Conservation training program for Iraqi experts

Training for conserving and restoring dyed textiles (Joshibi University of Art and Design)

 The project of fostering experts in conservation laboratories of Iraq National Museum has been conducted since 2004 with funding from grants from the Institute and UNESCO/Japanese Funds-in-Trust. Through this project, the Japan Center for International Cooperation in Conservation has invited total 18 conservation experts as trainees, and trainees who have returned to their home countries are making use of the techniques they learned in restoring various cultural properties.
 In pevious training sessions, the trainees have practiced using the equipment offered to the museum, centering on metalware, with the cooperation of various organizations in Japan.
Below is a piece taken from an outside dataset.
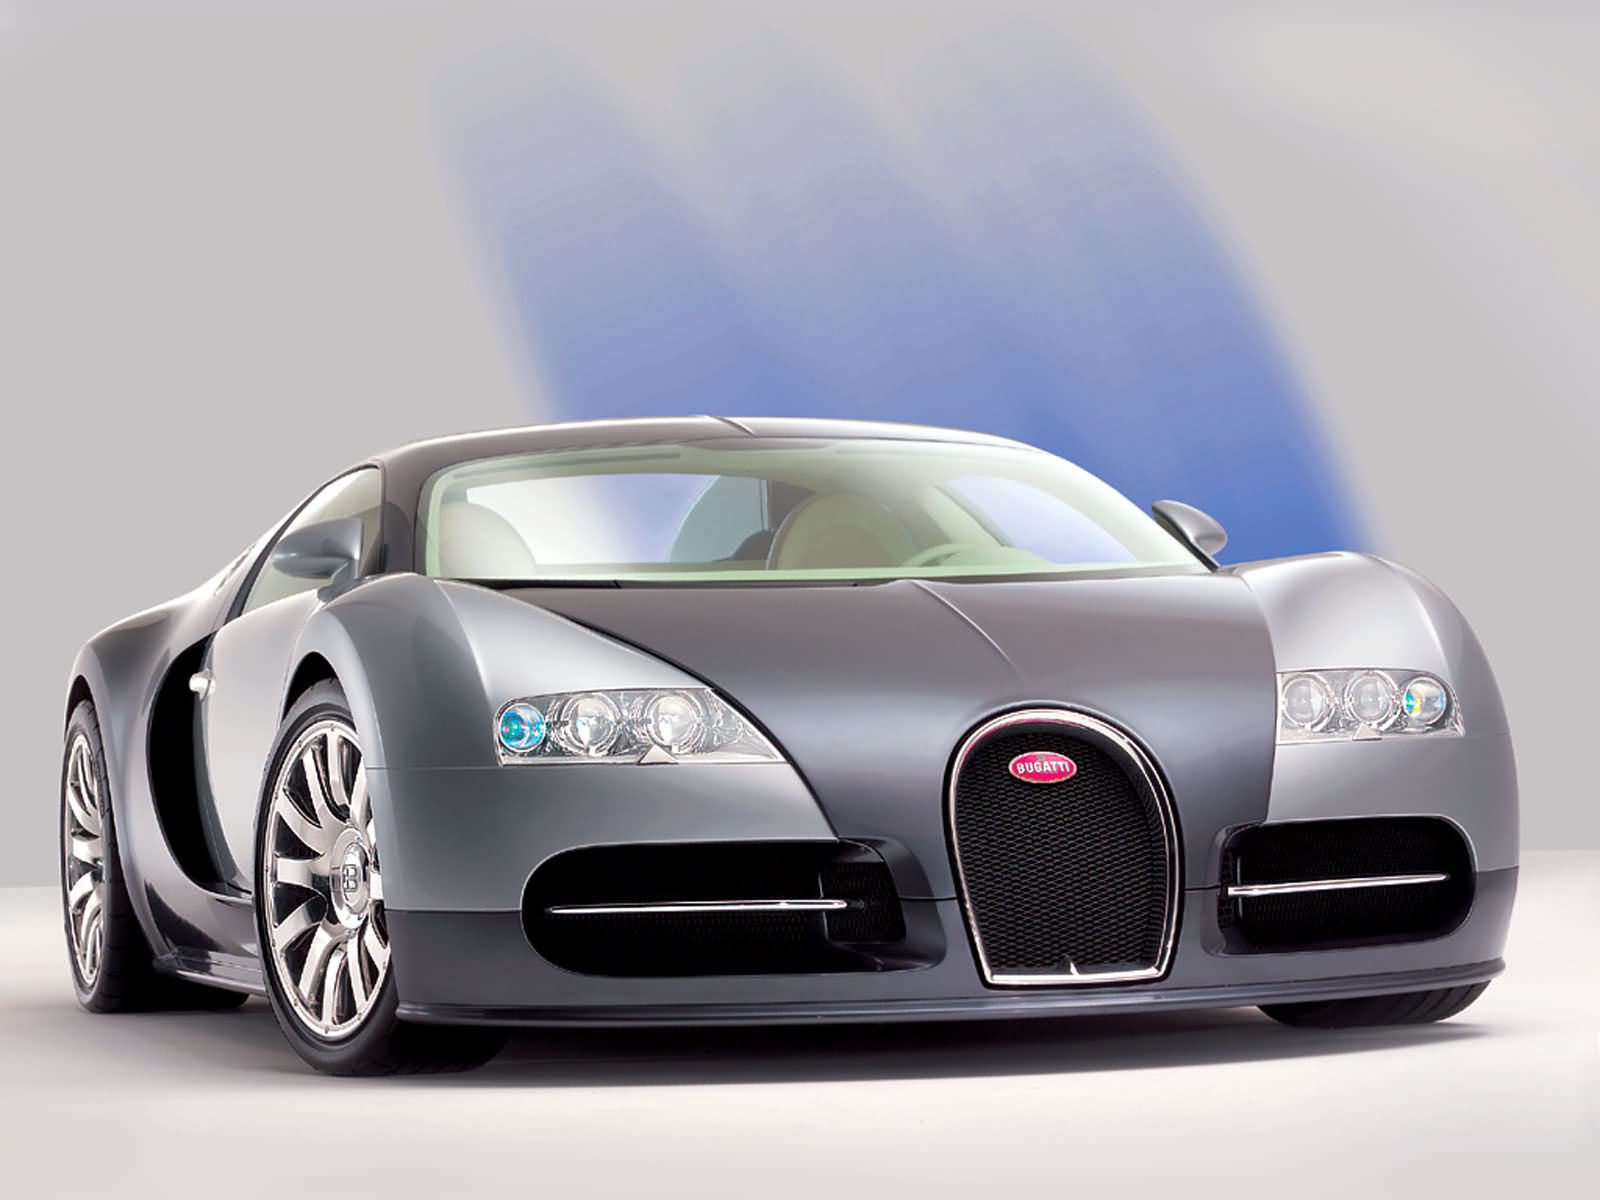 Silver Bugatti Veyron Wallpaper Desktop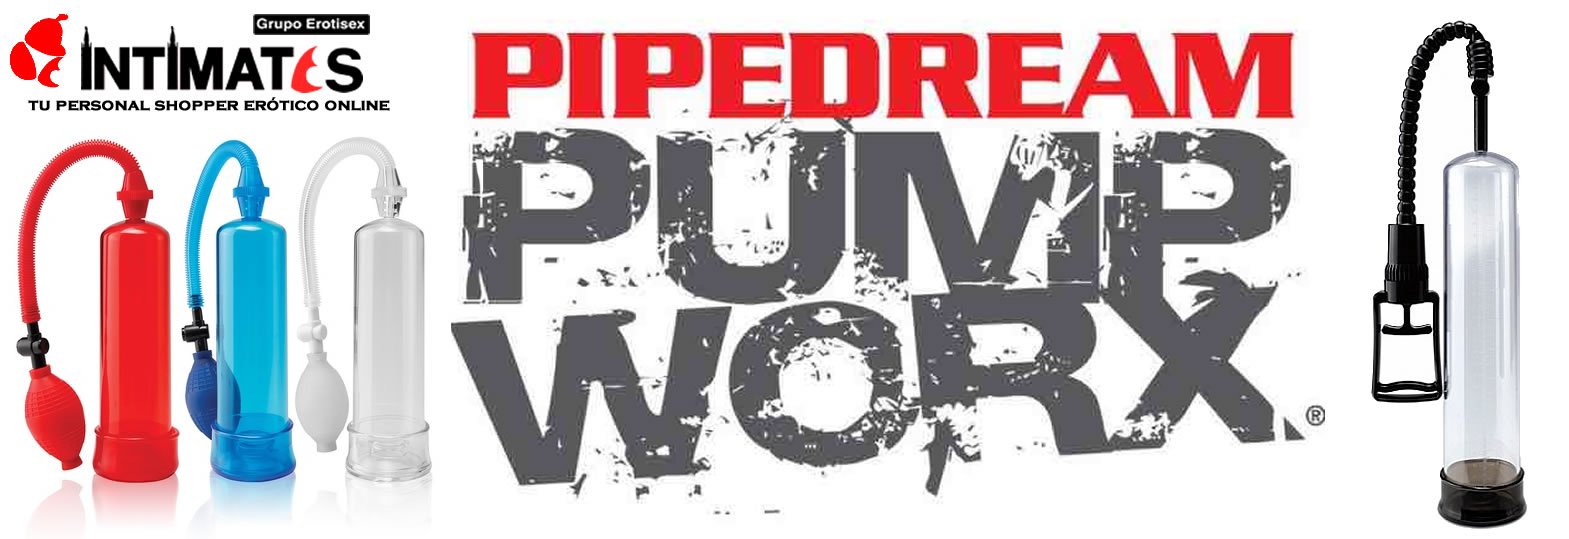 Pump Worx de Pipedream en intimates.es "Tu Personal Shopper Online"

This year, we conducted training on the conservation and restoration of dyed textiles, and using the instruments necessary to conserve and restore cultural heritage and analyze materials (training on equipment use), in line with the wishes of UNESCO and the Iraq National Museum. Although it was a relatively short period of three months from June 18 to September 19, we not only conducted training on conservation and restoration techniques, but introduced lectures on the concept of conservation that informs the techniques and on diverse scientific knowledge, as well as practical training aimed at fostering human resources who can train specialists at each museum rather than just simple restoration experts. The training was carried out with the cooperation of university researchers, who took the lead of conservation and analysis of dyed textiles, as well as conservation/restoration experts. At the Shizuoka Research Institute for Buried Cultural Heritage, the trainees learned how to conserve archeological relics, treat unearthed objects at an excavation site, and handle items buried at actual sites. In terms of practical training on the conservation and restoration of dyed textiles, we asked professors specialized in the basics of conservation and the history of dyed textiles to give basic lectures on their specialties, and the trainees had practical training on conservation/restoration and storage management of the short-sleeved kimono of the Edo Period and the Coptic textiles owned by Joshibi University of Art and Design with the cooperation of the university. The trainees also attended lectures on the usage of various instruments and analytical techniques as well as practical training with the cooperation of the Center for Conservation Science and Restoration Techniques of the Institute and the Nara National Research Institute for Cultural Properties. In January 2009, some exhibitions restarted in the Iraq National Museum. So far, one-third of the cultural properties which were lost during the chaos in Iraq have been returned to the Museum, and they are now gradually but securely advancing toward restoration. We are looking forward to seeing the conservation specialists who participated in this training bear the future of the Museum and contribute to Iraq’s recovery.